Overall, it was great to see how our imagination could bring us to places we never thought of before, and all in a matter of seconds.
Pic. 3: Our 1st workshop - learning how to use the canvas for serious games.
I can tell you that throughout this week Oscar and Yuri created an exciting narrative, much like the one you can experience with a serious game – it was entertaining, it was educational, and definitely motivated us to implement this in our projects, workplace and even in our daily lives.
I felt like if I have just ‘powered up’…
Pic. 4: It was not just about learning, it was also about networking and having fun!
It’s Time to Roll the Dice
I’m currently working in the European project CATCH, which focuses on digital health for cancer, and the potential use of gamification is huge.
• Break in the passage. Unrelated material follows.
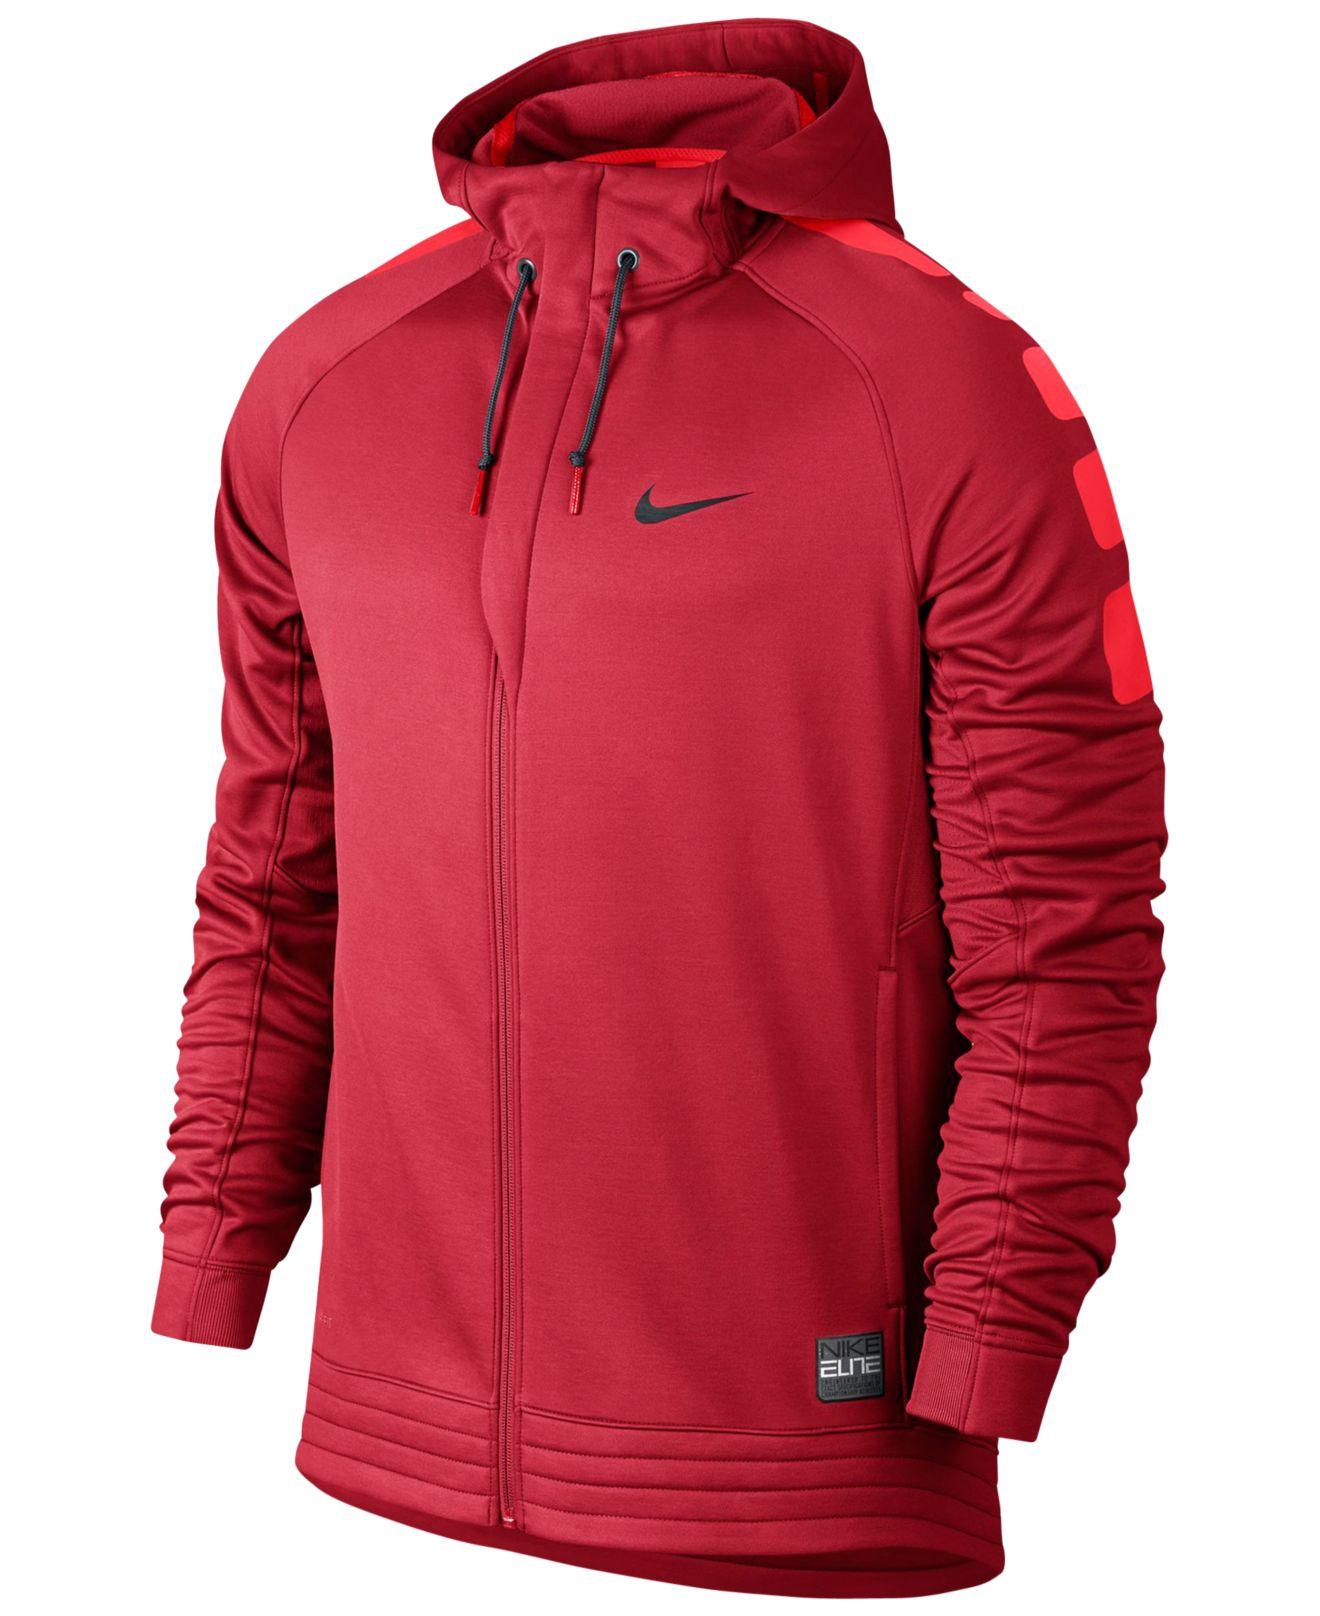 Nike red elite striped full zip basketball hoodie for - Hm herren jeans ...

Cancer survivors need to be encouraged to overcome their physical limitations and daily barriers; they need to be motivated to adhere to recommended levels of physical activity; they need to be empowered in such a way that it induces a change of behaviour in regards to their lifestyle. Digital technologies have an opportunity to be accepted and to empower these individuals, but struggle when it comes to engaging the user after a few days or weeks of use. In order to open-up the chances for these technologies to actually have a positive impact, we need to search for strategies to create intrinsic motivation and a feeling of long-term commitment. Here, well implemented gamification might have a word to say!
It’s a chance worth taking, it’s time to roll the dice!